SMC has been around for some time. They have buffed up the looks of their Barricade routers, so whereas earlier models have looked either ugly or quirky, this WBR14-N is understated and appealing. It's a big step forward and puts it in line with similarly priced routers on the market.

Just as the looks are fairly conservative, so too is the specification, which appears to follow a reference design from Ubicom. There's an Atheros AR5416 wireless chip, four 10/100 ports controlled by a Realtek chip and the same Ubicom StreamEngine that we saw in the D-Link.

SMC doesn't provide a USB port either for printing or for Windows Connect Now, but you do get a flick switch to turn the wireless on and off.

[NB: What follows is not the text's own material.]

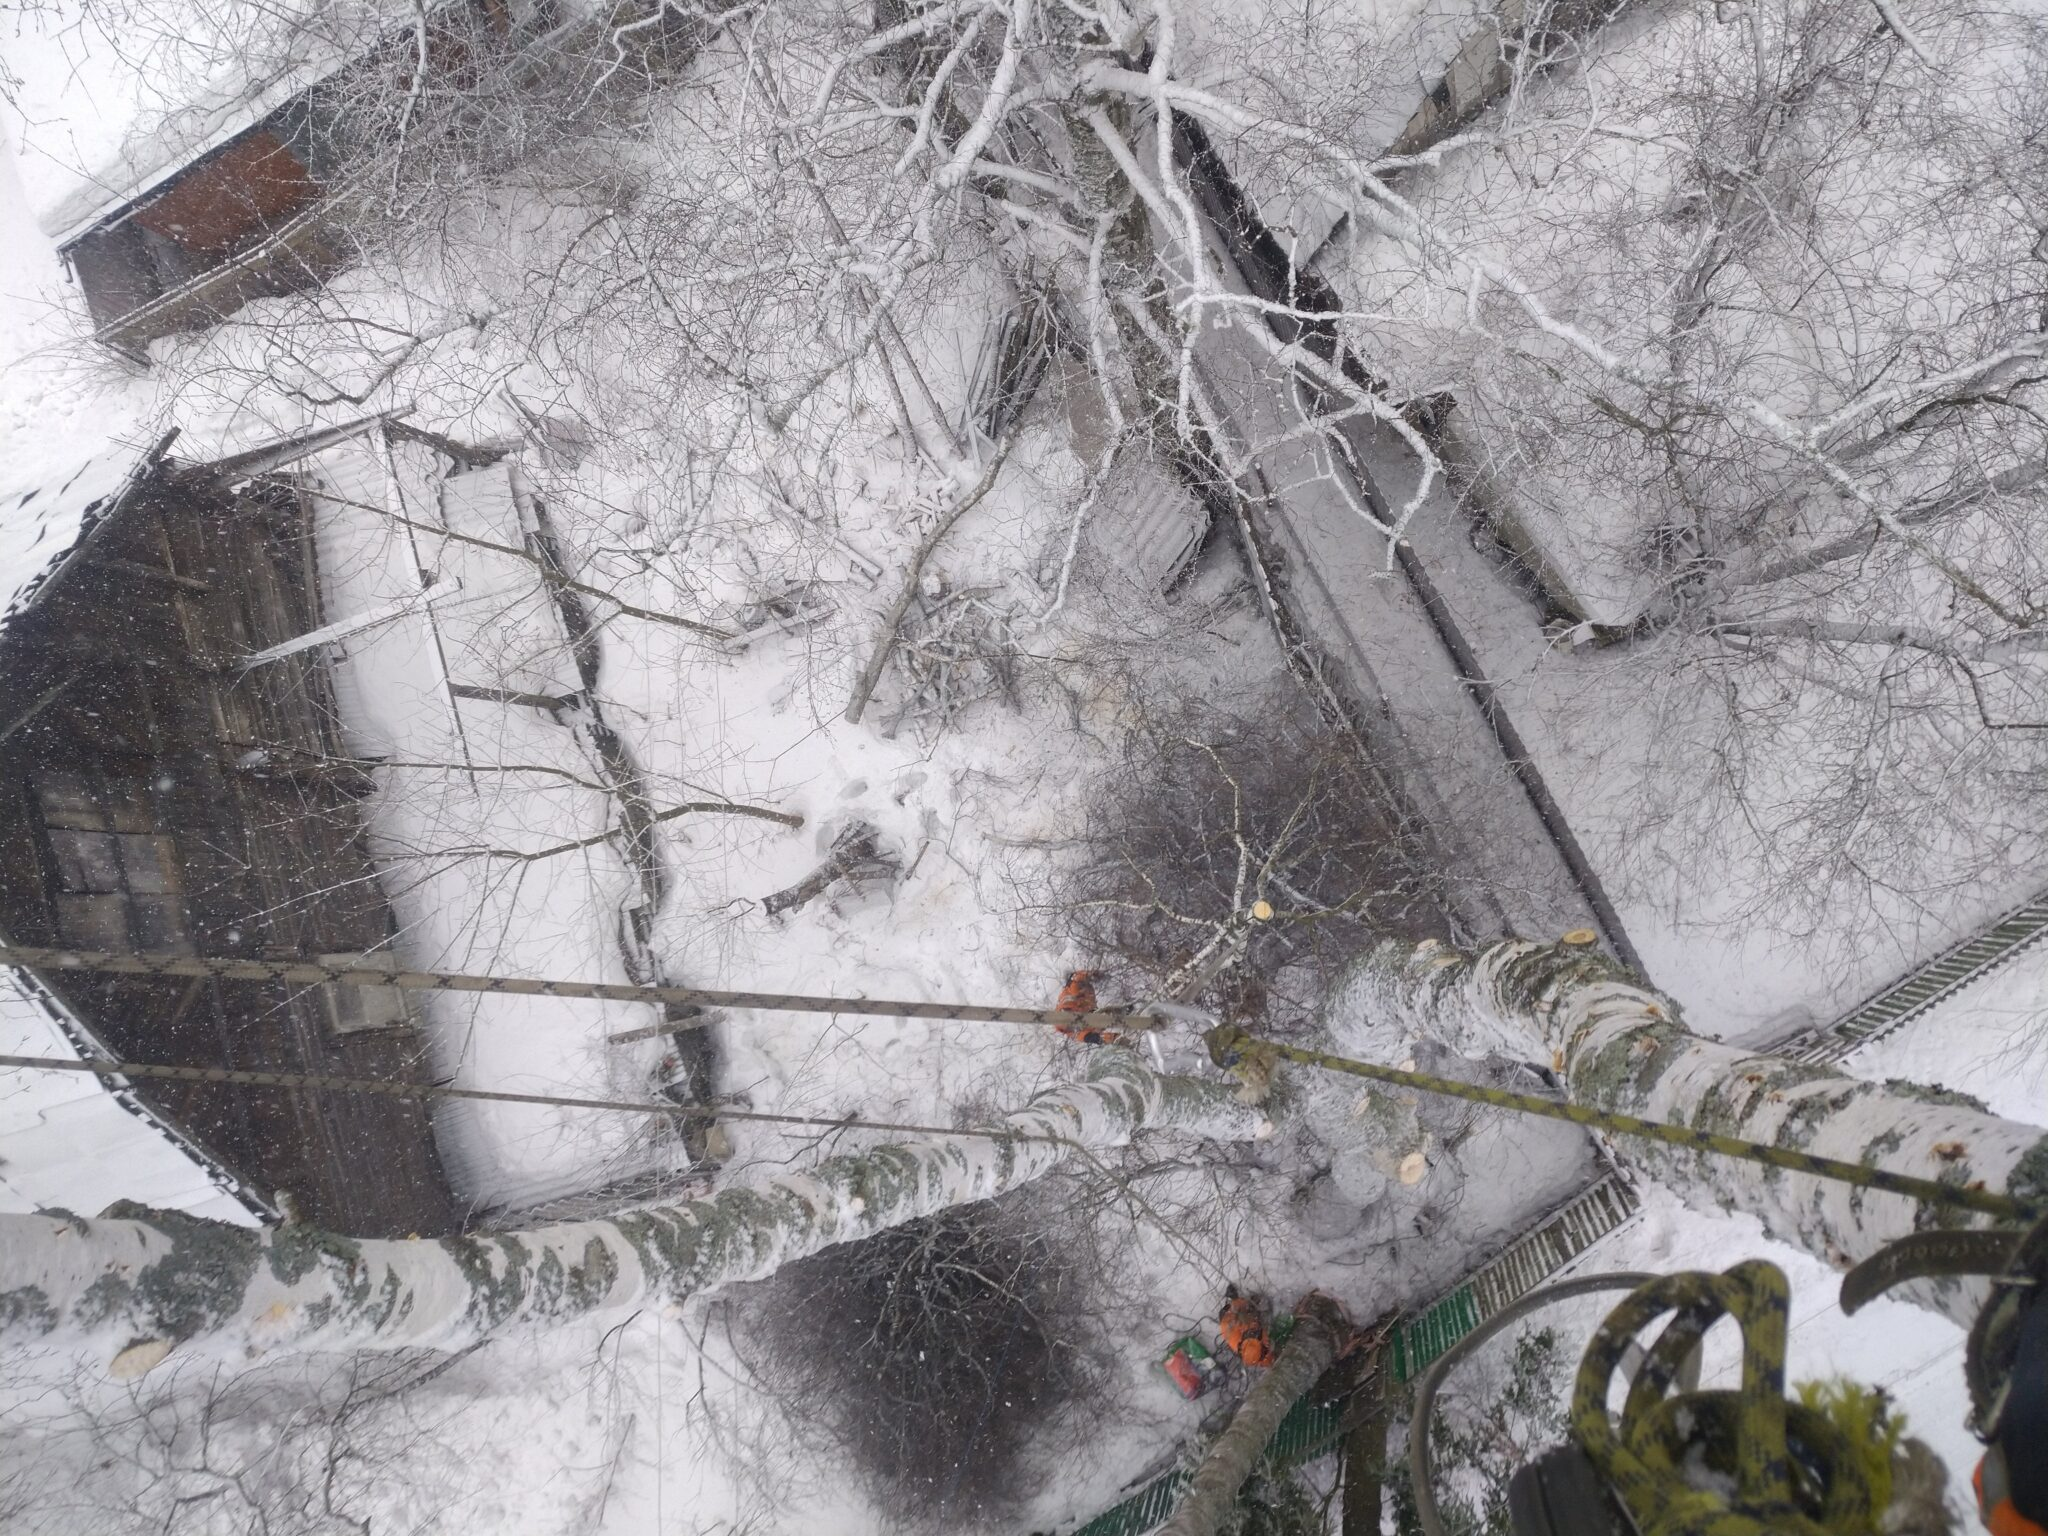 Спиливание деревьев. Три березы в пос. Зеленоградский, Пушкинский район

This is a handy feature as we found that although the configuration screen was clearly laid out, it was very slow to respond. You'd have to hope this would be addressed in a firmware update.

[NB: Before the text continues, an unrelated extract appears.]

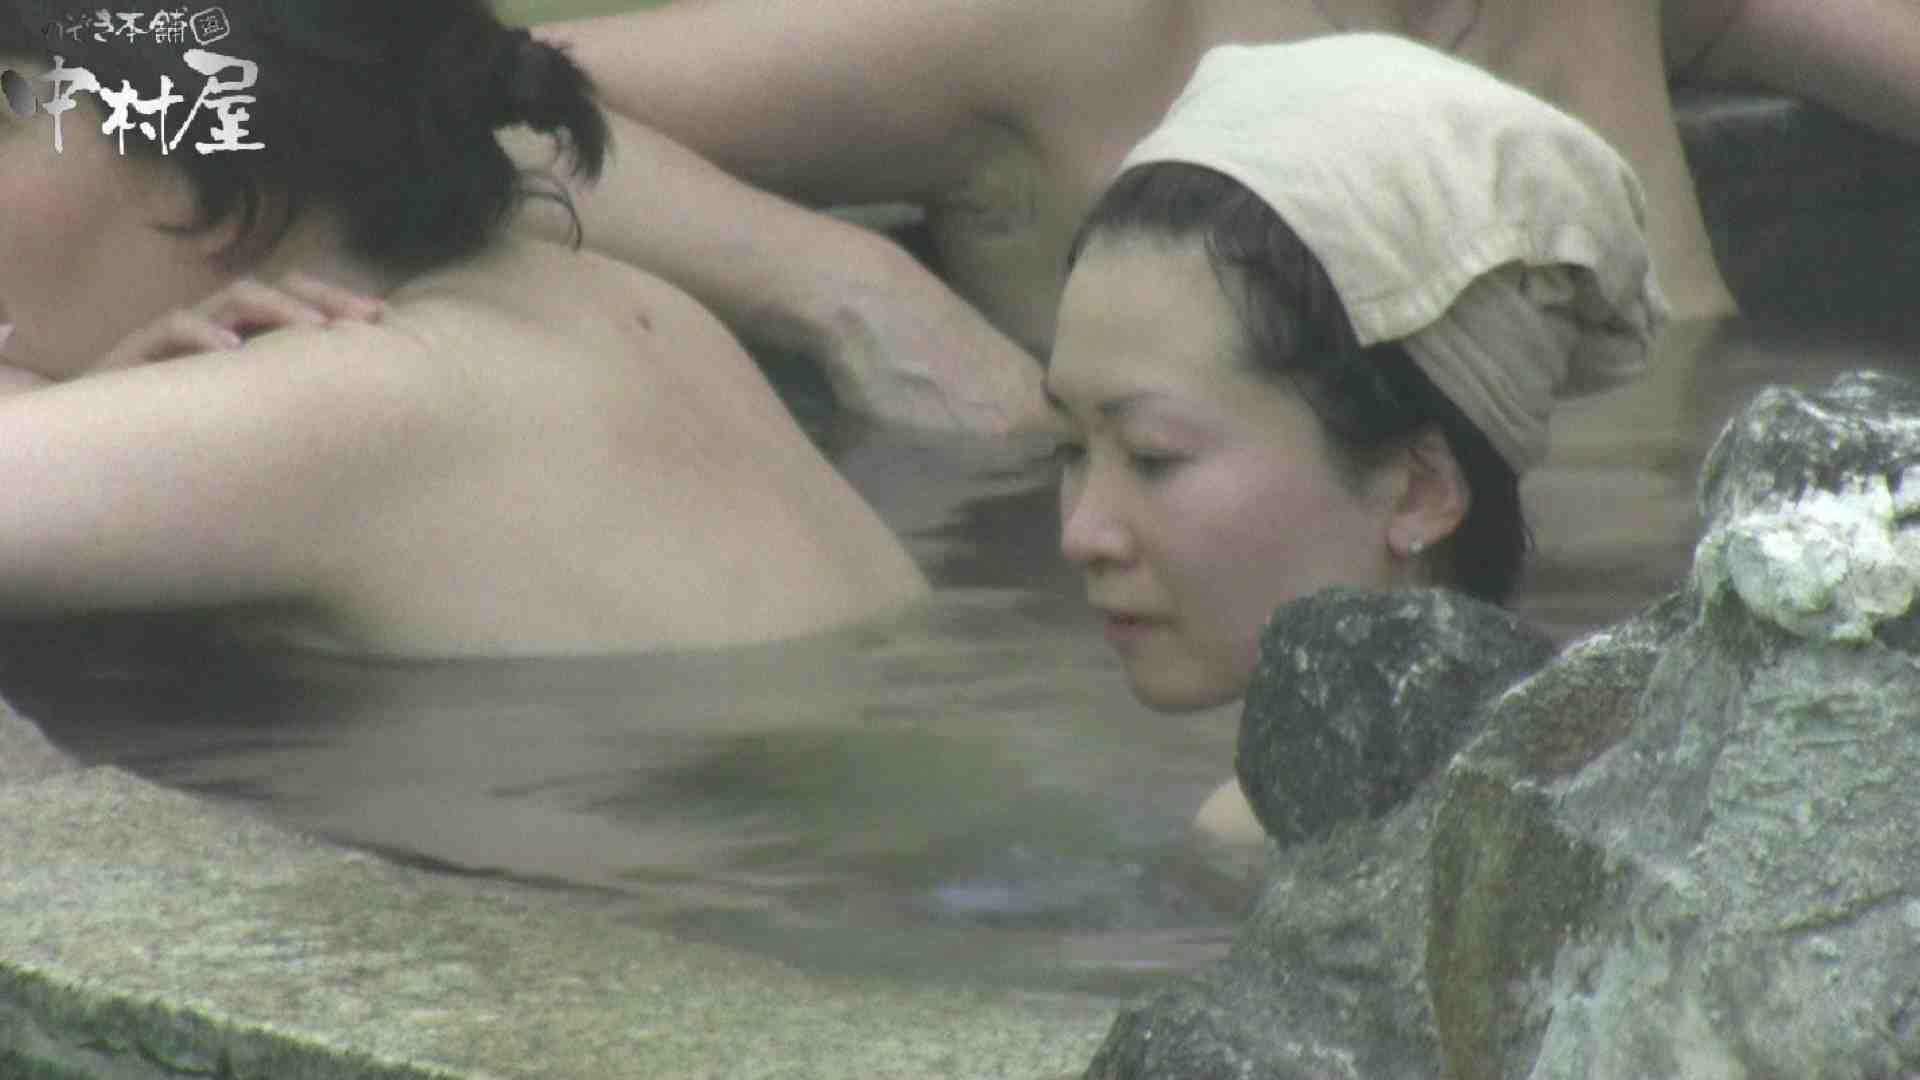 Aquaな露天風呂Vol.906 盗撮 | 露天  92画像 46

The wireless wizard helps you to set security by terming WEP, WPA and WPA2 as Good, Better and Best. Strangely enough, SMC sells matching PC Card and PCI card adapters, but not a USB model. There's no denying that it's tricky to package three or more antennas in a USB key, but if you don't have a spare PC Card slot on your laptop, then USB is better than nothing.

Both the SMC EZ Connect N Utility for the adapters and the configuration screen for the router look very similar to the D-Link software. This is fine as it works well, but every aspect of this router looks as though it has been borrowed from another make and model.

In use, we found the connection rate and maintained speed were more than acceptable and, while it's not the fastest router here, it got the job done. The price of this router is quite low and it's good value; however, the lack of Gigabit LAN is an annoyance.